Starting in the fall, the new fellows will dedicate the next two years to develop and test their prototypes, thanks to TomKat Center for Sustainable Energy’s Graduate Fellowships for Translational Research. The fellowship provides two years of fellows’ tuition and stipends, with an additional $5,000 of funding for research costs. The program also assists them in cultivating a network of peers and mentors with experience in creating new technologies.
“The fellowship is designed to give students the freedom to focus on research activities that are critical for translation,” said Matthew Kanan, associate professor of chemistry and the director of the TomKat Center. “Our goal is to increase the likelihood that their research will bridge the gap between the lab and products that impact energy and sustainability.”
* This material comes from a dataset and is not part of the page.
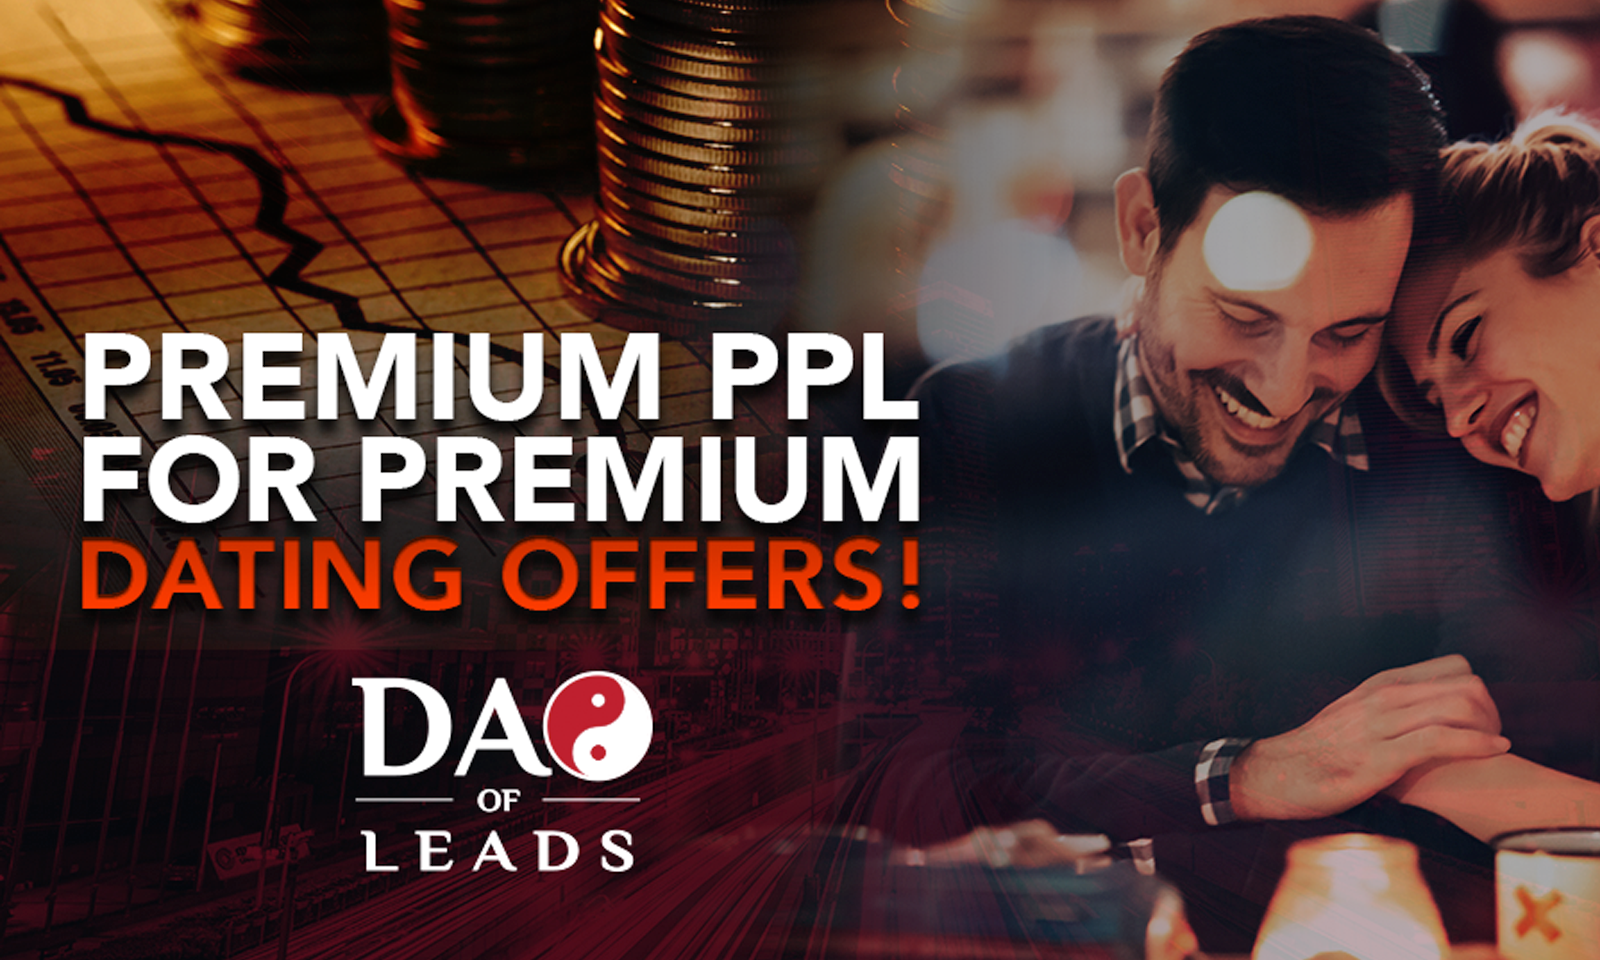 DAO of LEADS Announces Premium CPL Payouts for its Exclusive Dati

Each of the labs the students are working in are tackling complex challenges that underlie industrial emissions and resource management. Faculty advisors nominate a student for these fellowships because they have confidence the PhD candidates can advance the research toward impactful outcomes. Candidates for the program have demonstrated the creativity and leadership that will benefit from this student-centric opportunity. Unlike traditional funding, the fellowship is designed to support students to “immediately get off and running on high impact, high-risk research trajectories,” explained Jonathan Fan, associate professor of electrical engineering and advisor to one of the fellows.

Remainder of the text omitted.